HostClass directly references M::ClassMethods, which is an implementation detail of the module M that HostClass should not need to know or care about.
So how about this: when we call include on the first line, we somehow notify the module that it has been included, and also give it our class object, so that it can call extend itself. This way, it's the module's job to add the class methods if it wants to.

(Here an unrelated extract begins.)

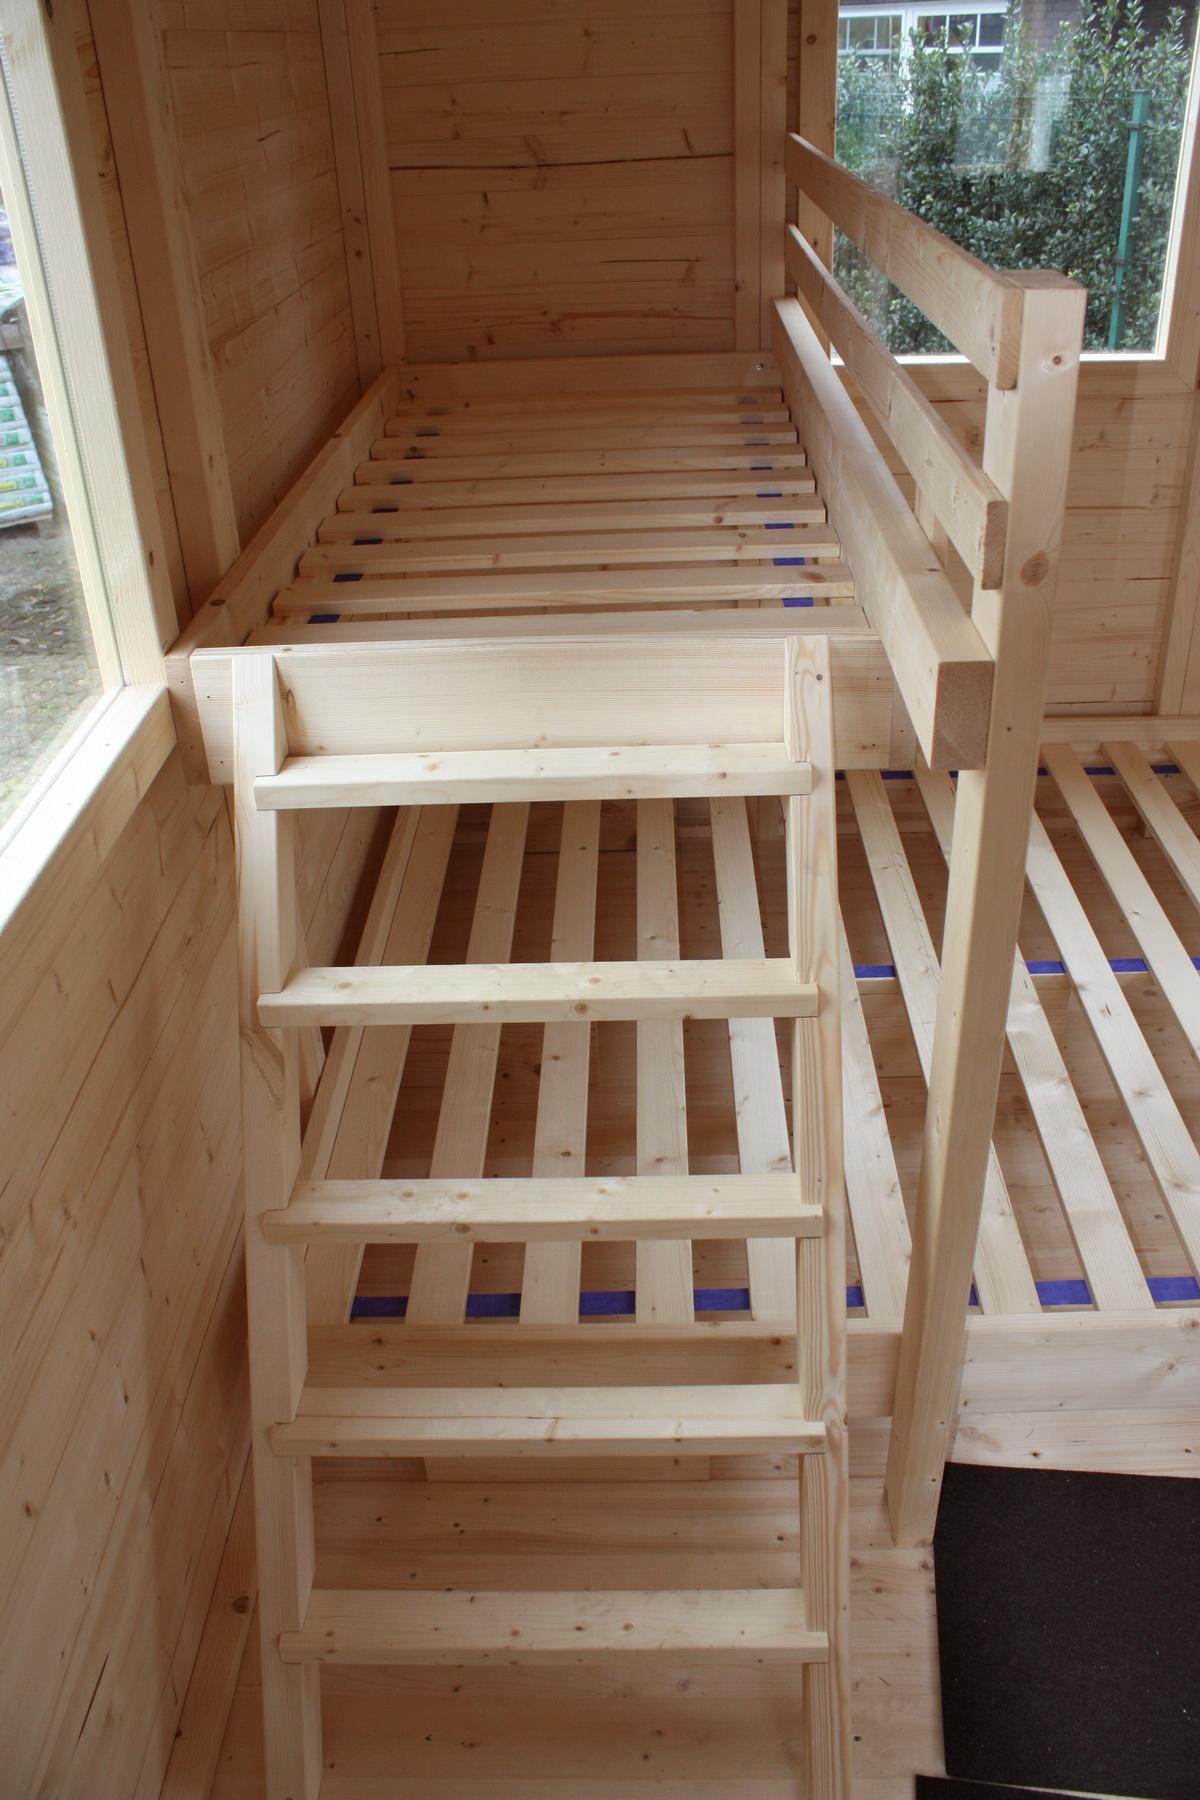 gartenhaus zirkuswagen 240 x 500 cm. Black Bedroom Furniture Sets. Home Design Ideas

This is exactly what the special self.included method is for. Ruby automatically calls this method whenever the module is included into another class (or module), and passes in the host class object as the first argument:
module M
def new_instance_method; "hi"; end
def self.included(base) # `base` is `HostClass` in our case
base.extend ClassMethods
end
module ClassMethods
def new_class_method; "hello"; end
end
end
class HostKlass
include M
def self.existing_class_method; "cool"; end
end
HostKlass.singleton_class.included_modules
#=> [M::ClassMethods, Kernel]
# ^ still there!
Of course, adding class methods is not the only thing we can do in self.included. We have the class object, so we can call any other (class) method on it:
def self.included(base) # `base` is `HostClass` in our case
base.existing_class_method
#=> "cool"
end
As Sergio mentioned in comments, for guys who are already in Rails (or don’t mind depending on Active Support), Concern is helpful here:
require 'active_support/concern'
module Common
extend ActiveSupport::Concern
def instance_method
puts "instance method here"
end
class_methods do
def class_method
puts "class method here"
end
end
end
class A
include Common
end
You can have your cake and eat it too by doing this:
module M
def self.included(base)
base.class_eval do # do anything you would do at class level
def self.doit #class method
##fred = "Flintstone"
"class method doit called"
end # class method define
def doit(str) #instance method
##common_var = "all instances"
#instance_var = str
"instance method doit called"
end
def get_them
[##common_var,#instance_var,##fred]
end
end # class_eval
end # included
end # module
class F; end
F.include M
F.doit # >> "class method doit called"
a = F.new
b = F.new
a.doit("Yo") # "instance method doit called"
b.doit("Ho") # "instance method doit called"
a.get_them # >> ["all instances", "Yo", "Flintstone"]
b.get_them # >> ["all instances", "Ho", "Flintstone"]
If you intend to add instance, and class variables, you will end up pulling out your hair as you will run into a bunch of broken code unless you do it this way.